- Born: Wu Duanren August 17, 1980 (age 44) Fujian, China
- Citizenship: Chinese
- Occupation(s): Businessman, police officer (former)
- Years active: 2019–2023 (Philippines operations)

= Wu Duanren =

Chinese businessman

Wu Duanren (吴端仁; born on August 17, 1980, in Fujian, China) is a Chinese businessman in the Philippines.

==Background==
Wu according to Cassandra Ong was formerly a police officer in China and a government worker.

Wu has been operating in the Philippines since 2019 and is the executive of Whirlwind Corporation. He is alleged to be behind the establishment of Philippine offshore gaming operator (POGO) hubs in various locations in the Philippines. Whirlwind allegedly leased land to Lucky South 99 to set up a POGO hub in Porac, Pampanga.

Zhang Jie is allegedly the president of Lucky South 99 and an associate of Wu. The Straits Times reports that Wu is the chief executive officer and director of Dr Wu Investment Holding in Singapore, a company registered by Zheng.

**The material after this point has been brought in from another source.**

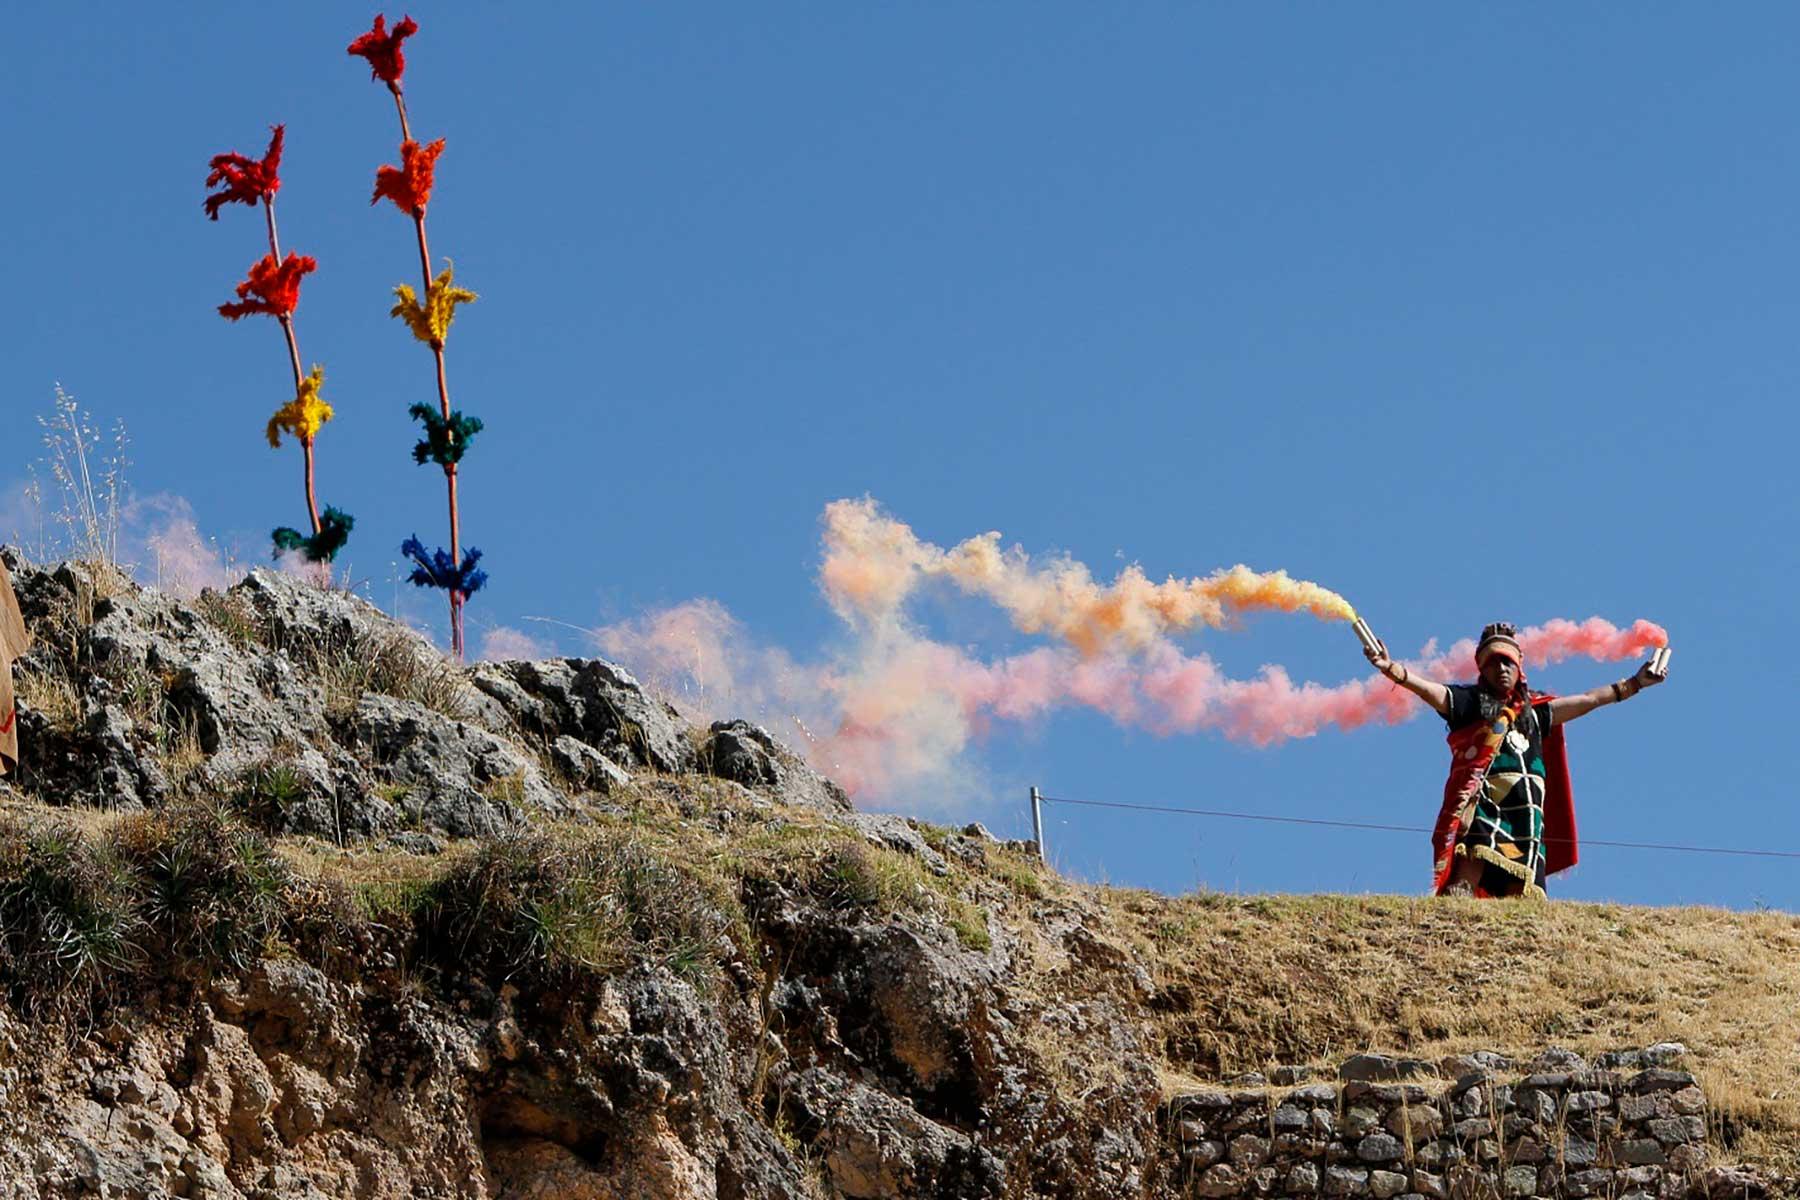 El Inti Raymi espera contar con un sello verde en el 2020, por lo que este año se han fortalecido las prácticas sostenibles en armonía con el medio ambiente.
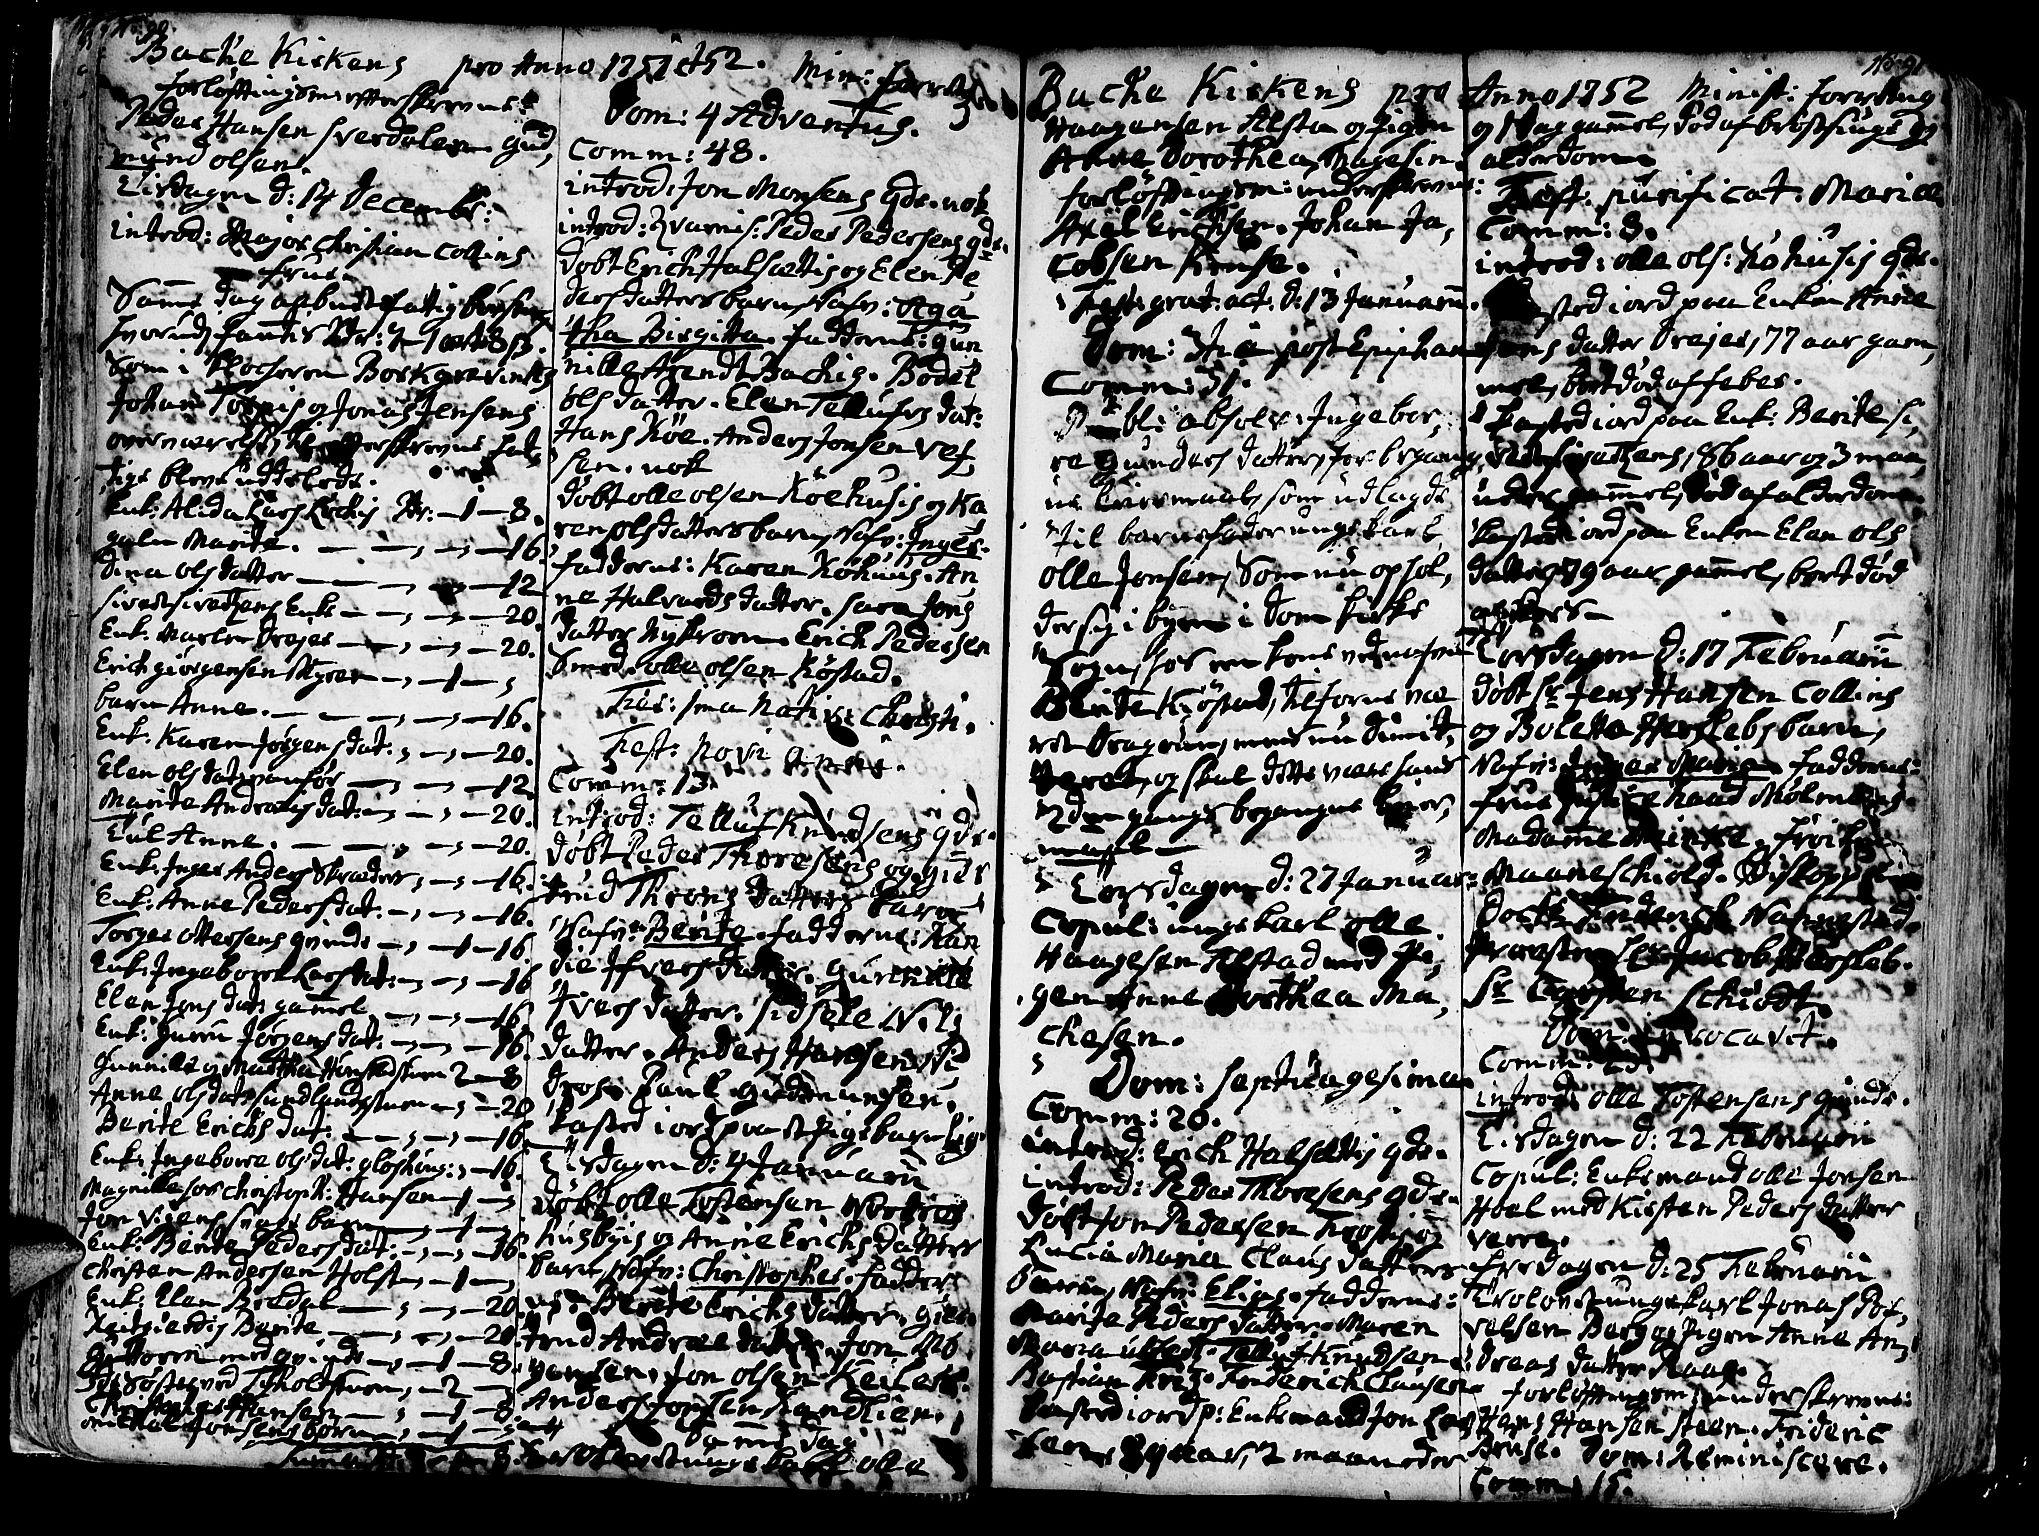 SAT, Ministerialprotokoller, klokkerbøker og fødselsregistre - Sør-Trøndelag, 606/L0276: Ministerialbok nr. 606A01 /2, 1727-1779, s. 90-91

Wu along with Zheng allegedly facilitated dismissed Bamban mayor's Alice Guo's escape from the Philippines. Guo herself is questioned over her links to POGO operations in her town and her Filipino citizenship. Wu himself was last reported to being in the Philippines on June 11, 2023, and is believed to be based outside the country already.

==Personal life==
Cassandra Ong has Wu as her baptismal godfather. Ong says that Wu treated him as his own daughter after Ong's mother's death in 2017.